The Oct. 2008 Issue of Fine Woodworking Magazine reviewed 23 brands of bench chisels. The Narnex was awarded the Best Value for a Western (vs. Japanese) style chisel. You can obtain them at Highland Woodworking.


----------



## TaylorML (Oct 9, 2013)

Thank you libraryman,

I guess what I should have mentioned in my original post is that I have heard the Narex were the best value, $125 for a set, compared to Hirsch $135 for a set. So with $10 being the only difference, I want to know which chisel, Narex or Hisch, is "better", not so much the "best value". Maybe that's what you mean by "best value", and that you're saying Narex is better than Hirsch…am I correct in assuming that?


----------



## Tim457 (Jan 11, 2013)

Are you comparing Lee Valley's prices on the Narex 10 chisel set for $125 to their Hirsch 6 chisel set for $135? Narex's 7 chisel set is $75 which is the better comparison. So are the Hirsch chisels worth almost twice as much? Could well be, maybe someone that has them can chime in.
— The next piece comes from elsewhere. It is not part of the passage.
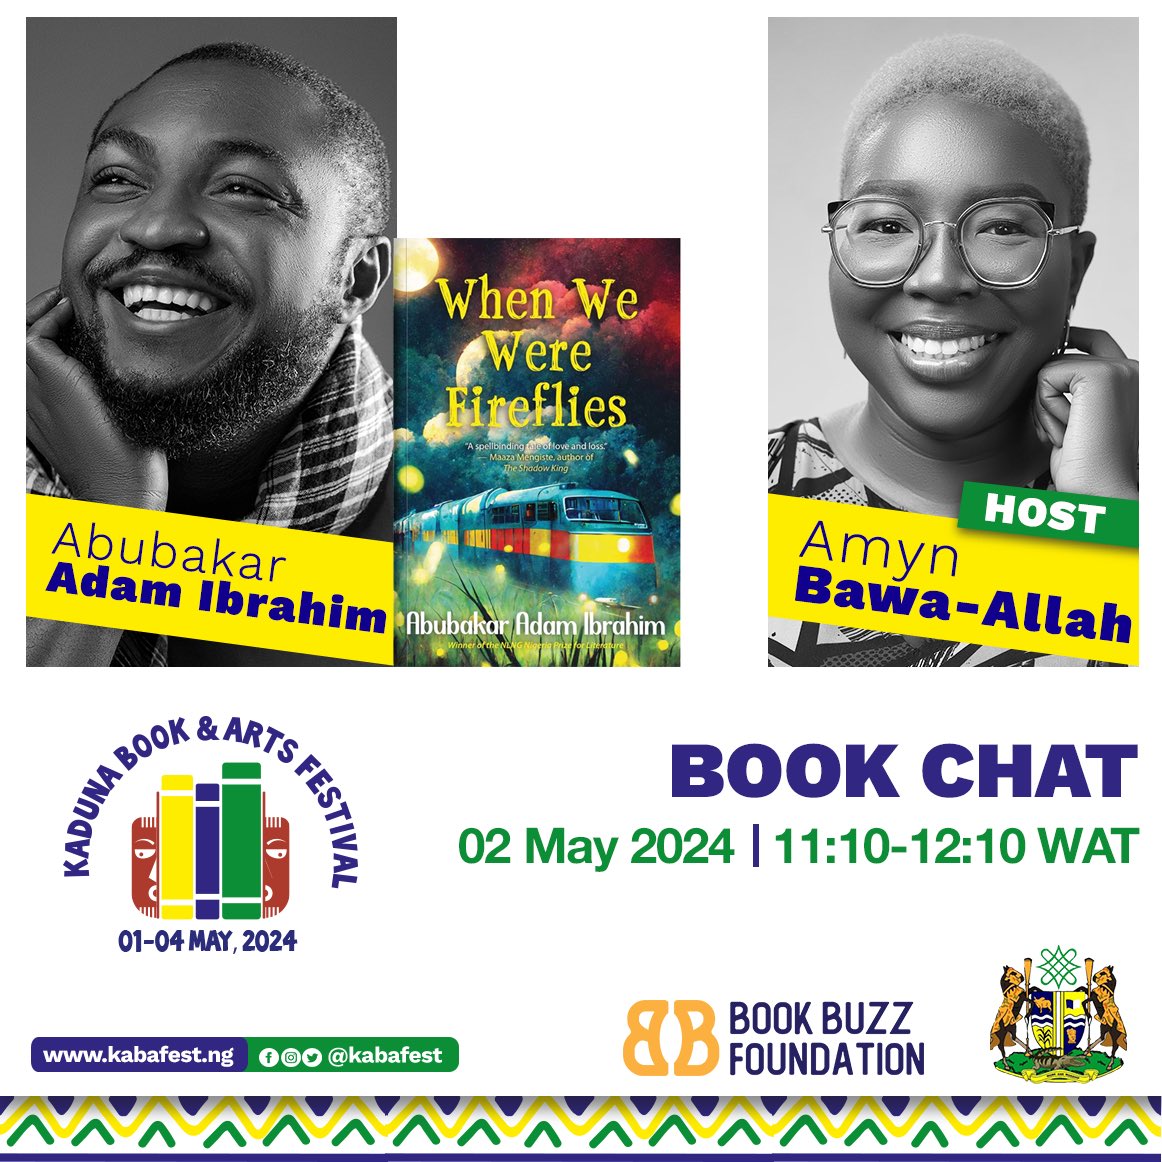 Happening Now: Book Chat with author @Abbakar_himself moderated by @LipglossMAFFIA Watch live on youtube here 👇 youtube.com/live/9-ceSHlcv… #Kabafest #Kabafest24

I would say unless you really know you need all 10 of those sizes, that's overkill. I like my Narex chisels but I don't have anything better to compare them to. If I were to upgrade I'd assemble a vintage set by finding them for a few dollars a piece and cleaning them up.


----------



## JayT (May 6, 2012)

Never used the Narex, so can't comment on them. I have some Two Cherries chisels, which are exactly the same as Hirsch other than badging, and love them. You can read my review here.

Many times with sets you end up paying for chisels you won't use. If you know which sizes will you use most frequently, then you could invest in good quality chisels in those sizes first and add on others later, if needed. I find that I only use two sizes a lot, two more somewhat frequently and very rarely for the rest. You may have different needs based on how you work.


----------



## TaylorML (Oct 9, 2013)

Thanks Tim and JayT for your comments. For Tim, great point on the size of the set. It would make more sense just going with the set of 7, and like JayT mentioned, if I needed to add a "specialty" chisel here and there, that would be on a need basis. This is exactly the kind of help I appreciate and why lumberjocks is so helpful.


----------